*Names in bold indicate Presenter
The current study begins to fill this gap by using time-use data from the 2003-2011 waves of the American Time Use Survey (ATUS) to test for SES differences in the following types of parental involvement: joint time with both parents, private time when no siblings are present, and time spent in primary versus secondary childcare activities. Children may benefit from time spent jointly with both parents from increased attention, parents’ reduced stress, and watching adults interact (Folbre, Yoon, Finnoff, & Fuligni, 2005). The impact of private time is less clear, as older siblings may increase the quality of care, but a younger child increases competition for adult attention (Folbre et al., 2005).
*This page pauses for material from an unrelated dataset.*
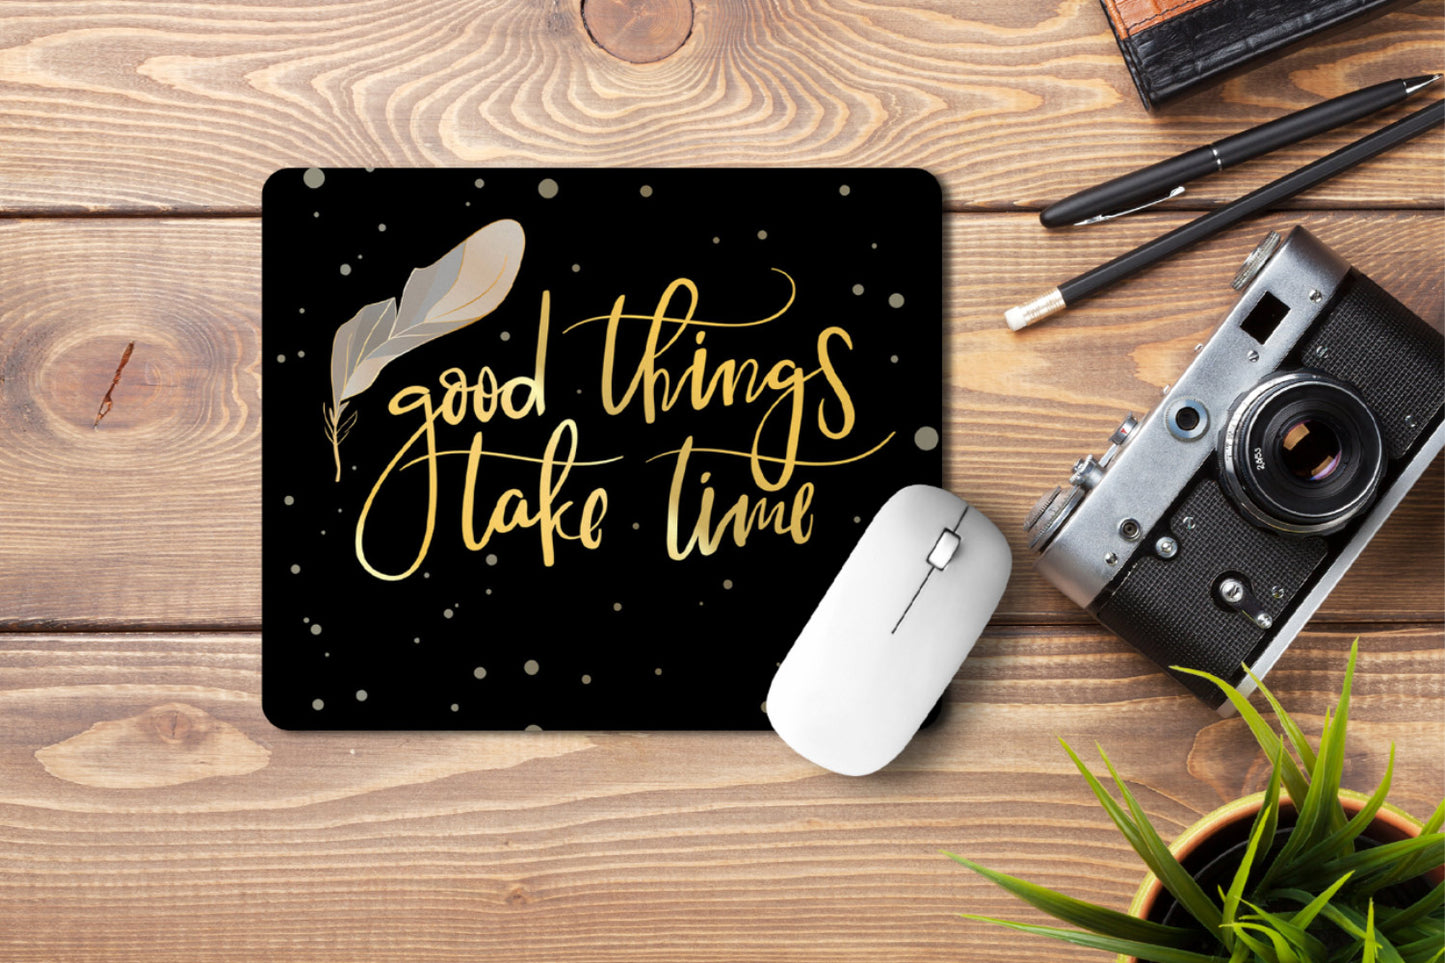 Products Good things take time ' Printed Non-Slip Rubber Base Mouse Pad for Laptop, PC, Computer.

Finally, existing research has generally focused on time parents spend caring for children as the primary activity, but several scholars have speculated on the potential importance of secondary time for children’s development or well-being (e.g., Guryan, Hurst, & Kearney, 2008; Zick & Bryant, 1996). A potential source of SES-based disparities in both the quality and quantity of time spent interacting with parents is rigid work schedules associated with lower-paid jobs (e.g., Bianchi, 2000; Bianchi & Robinson, 1997).
Specifically, the current study addresses three research questions. First, are there SES gaps in children’s exposure to time spent simultaneously with both parents? Second, are there SES gaps in children’s private time with parents? Finally, are observed SES gaps in parental involvement sensitive to the inclusion of secondary childcare activities?
We answer these questions by analyzing the practical and statistical significance of SES indicators (i.e., household income and parents’ education) in linear and Tobit time-use regressions estimated using data from the ATUS. The time-use regressions condition on several statistical controls, including race and ethnicity, a metropolitan-area indicator to capture potential time-use differences attributable to features of the built environment, state fixed effects, household composition, parents’ employment status, and the day of week, month, and year of the completed time diary. Additionally, we consider Heckit-type selection corrections when investigating research question 1 to account for the behavior of single parents. The ATUS is ideal for the current study because it is nationally representative and contains detailed data on who was present with the respondent for each activity. Policy implications of SES-based gaps in quality-adjusted parental involvement might include the provision of targeted after-school programs, organized summer activities, and mentoring programs.